Ellie is now having more difficulty walking as she is becoming weaker. We decide that it’s time and reach out to Dr. Olender to come to the house. At the same time, one of my family is diagnosed with Covid. We are all tested and come back negative, but will have to quarantine for two weeks as a precaution, but for Ellie, it means the vet cannot come to the house until our quarantine is over. Our only choice that we bring her to the vet clinic, they take her in where she will be euthanized, while we remain outside. I can’t do it. None of us can do that.

Covid has affected our lives in so many ways, aside from the many who have suffered great loss, the disease in itself is just the tip of the iceberg. It has effected so many aspects of services and businesses in ways that we don’t even think of including how we care for our pets in a compassionate way during a pandemic.

Given our choices, we begin with setting up a place outside in our backyard for her, where she can spend her last days, where she is happiest. During the day she will be outside and in the evening we will bring her in. Ellie can no longer walk now, my daughter does most of the lifting as we struggle to be strong for Ellie, but it’s damn hard to see her this way.
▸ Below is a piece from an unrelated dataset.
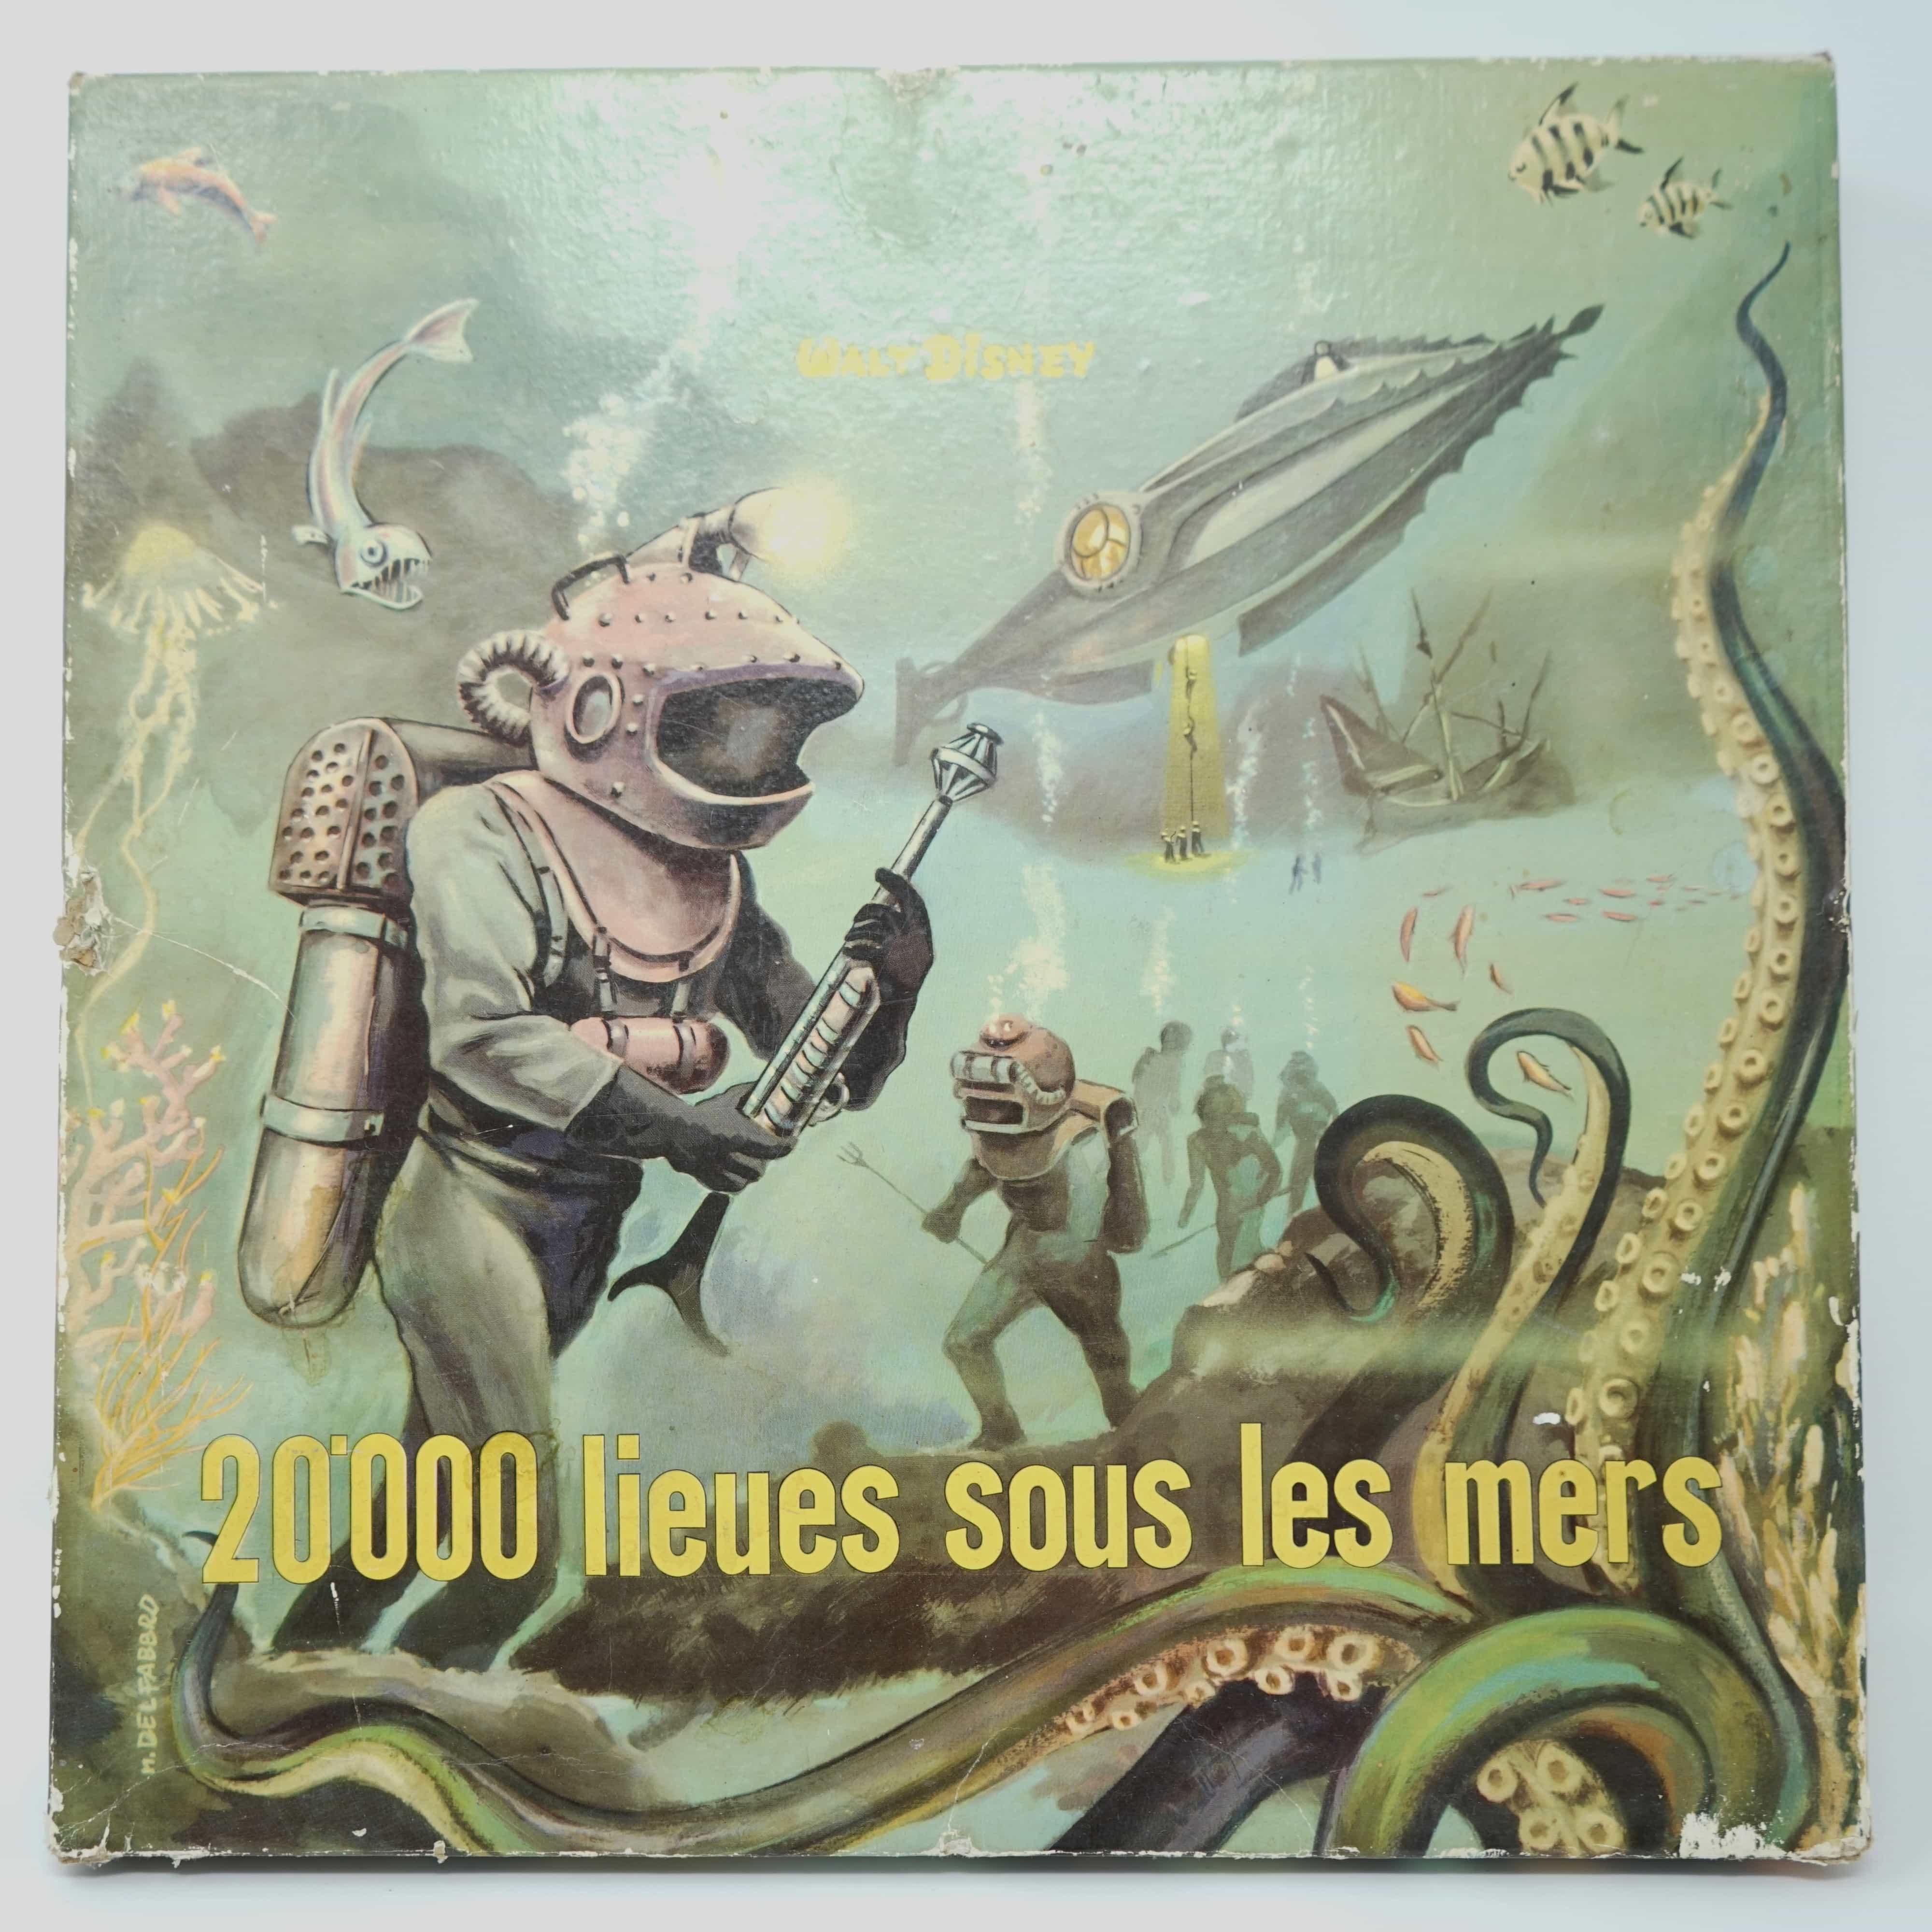 Jeu 20000 Lieues Sous les Mers

It is ten and half weeks from the day we where told by Dr. Olender that she would probably only have three weeks. I had not shared the news of Ellie’s illness on Facebook or on any social media platforms, but on May 1st, I decided to post a request to my Facebook friends asking for prayers and love for a peaceful transition. As a family, we told her she could go, that my mom and dad would be waiting for her and that we would all be fine and the next day, May 2nd she passed away on her own terms, in my arms, in our backyard, in the sunshine, with her family and Steve the Seahorse.

***

Ellie was an extraordinary dog, sent from spirit, so aware and in tune with herself and those who were in her charge.

She was my walking buddy, my best gal, who helped me find my way back to myself with love and compassion, even on my darkest days.

I feel you everyday and I miss you so much my sweet girl. I promise to continue to walk everyday with you. To be present, remember who I am, and find love and joy in even the smallest of things.